Лорел лежала в полудреме, дожидаясь, когда родители поднимутся по лестнице в спальню, но шагов все не было, а без этого она почему-то не могла окончательно уснуть. И внезапно снизу донесся женский смех, чистый и освежающий, словно глоток воды, когда очень хочется пить. Лорел села на кровати, сна ни в одном глазу. Снова раздался смех, на этот раз отцовский, потом звук отодвигаемой тяжелой мебели. Лорел не разрешалось вскакивать так поздно, кроме как в туалет или если ей приснилось что-нибудь страшное. Однако просто лечь и закрыть глаза не было никакой возможности. Что-то происходило внизу, и она хотела знать, что именно. Говорят, любопытство сгубило кошку, но маленьким девочкам оно, как правило, сходит с рук без таких тяжелых последствий.
Она соскочила с кровати, на цыпочках пробежала по ковру и тихо, как мышка, спустилась до середины лестницы. Тут в гостиной негромко заиграла музыка. Последние ступеньки Лорел пробежала бегом, осторожно встала на колени, уперлась в дверь рукой и припала глазом к замочной скважине. У нее перехватило дыхание. Отцовское кресло было сдвинуто в угол, родители, обнявшись, стояли посреди ковра и раскачивались под музыку.
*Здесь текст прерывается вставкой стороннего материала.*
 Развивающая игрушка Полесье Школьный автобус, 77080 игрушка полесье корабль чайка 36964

Папина рука, большая и сильная, лежала у мамы на талии, его щека касалась ее щеки, глаза были закрыты, а выражение лица – такое, что у Лорел комок встал в горле. Как будто ему больно и в то же время очень хорошо. Это был папа и не папа. У Лорел горели щеки. Она чувствовала что-то странное и непонятное, немного похожее на зависть.
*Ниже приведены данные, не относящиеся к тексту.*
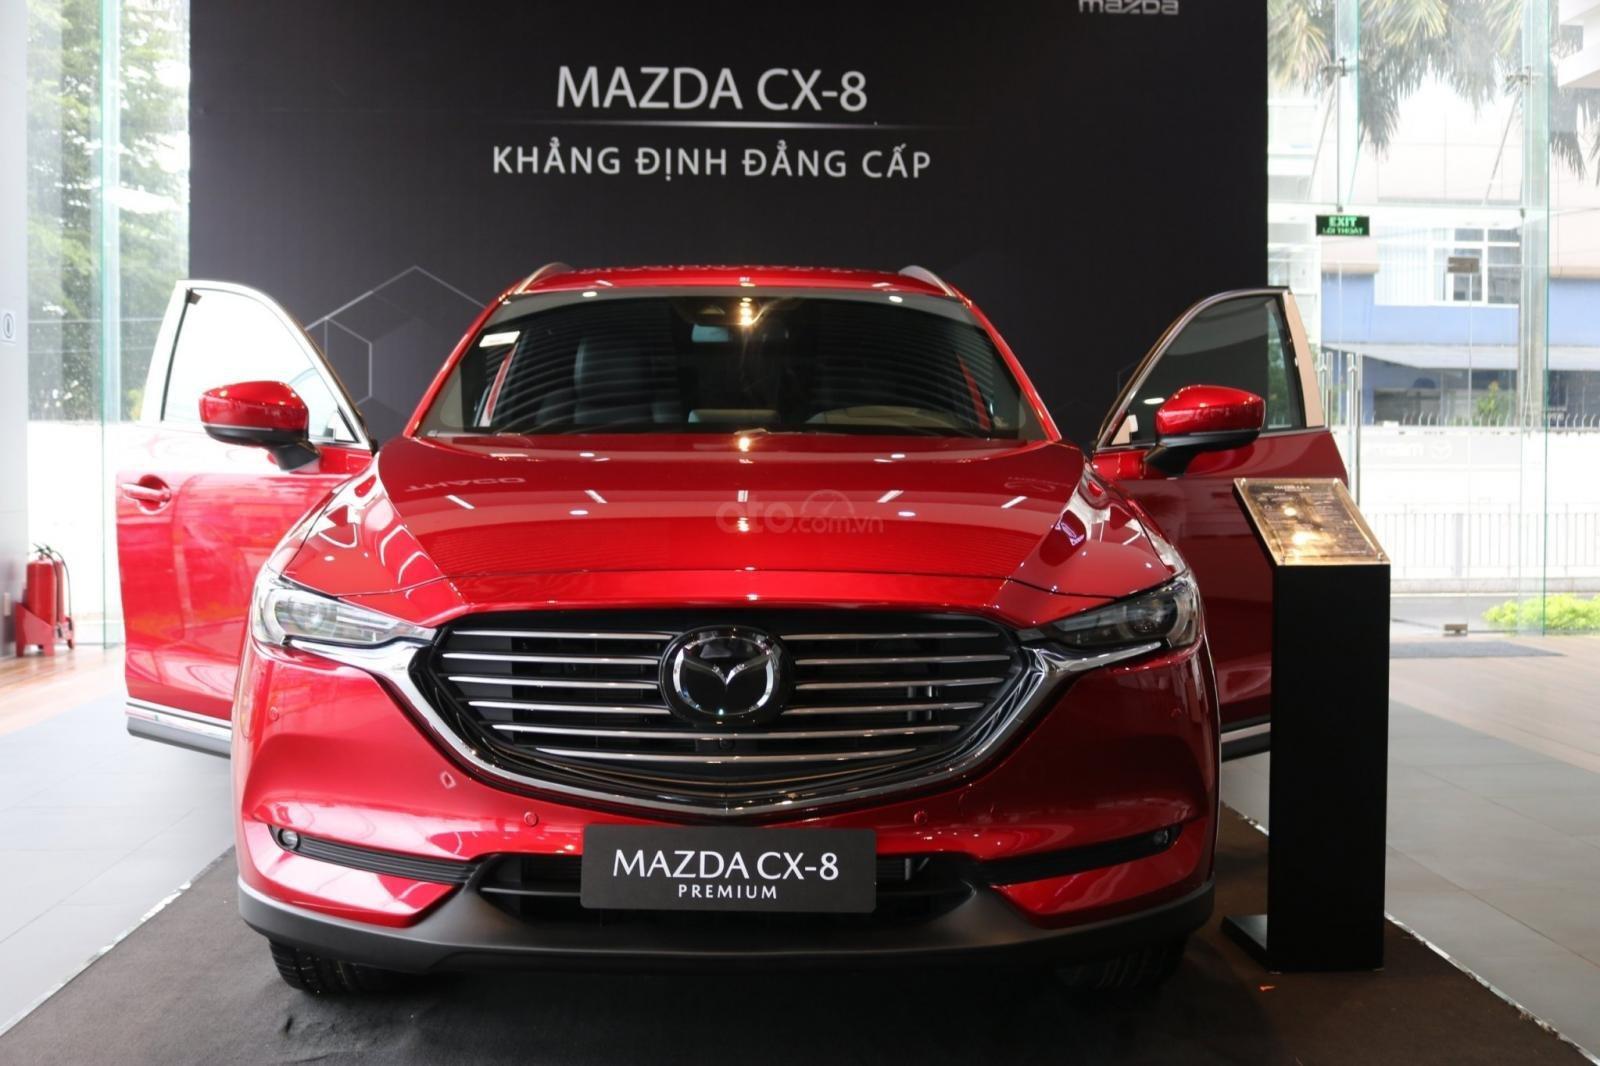 Mazda CX8 2.5 Luxury 2019 ưu đãi giá bán 40 triệu đồng (1)

Музыка заиграла быстрее, родители отступили друг от друга, по-прежнему держась за руки. Они танцевали, правда танцевали, как в кино, и мама крутилась и крутилась у папы под рукой. Щеки у нее порозовели, прическа сбилась, одна лямка бежевого платья соскользнула с плеча, и девятилетняя Лорел поняла, что не увидит никого красивее, даже если доживет до ста.
– Лол.
Лорел открыла глаза. Песня закончилась, пластинка крутилась вхолостую. Джерри склонился над заснувшей мамой и ласково гладил ее по волосам.
– Лол, – повторил он настойчиво.
Лорел повернулась к нему.
– Что случилось?
Джерри пристально смотрел на мамино лицо. Лорел проследила его взгляд и поняла: мама не спит. Она умерла.
Лорел сидела на скамейке-качелях под деревом и легонько отталкивалась от земли ногой. Почти все утро Николсоны обсуждали с местным священником предстоящие похороны, и теперь Лорел чистила медальон, который мама всегда носила на груди. Все в один голос решили похоронить его с мамой: она довольно равнодушно относилась к материальным богатствам, но медальоном очень дорожила, даже отказывалась его снимать. «Здесь мои главные сокровища», – говорила она, открывая медальон и показывая фотографии детей. Маленькой Лорел очень нравилось, как откидывается крышечка и как щелкает замочек, когда она закрывается.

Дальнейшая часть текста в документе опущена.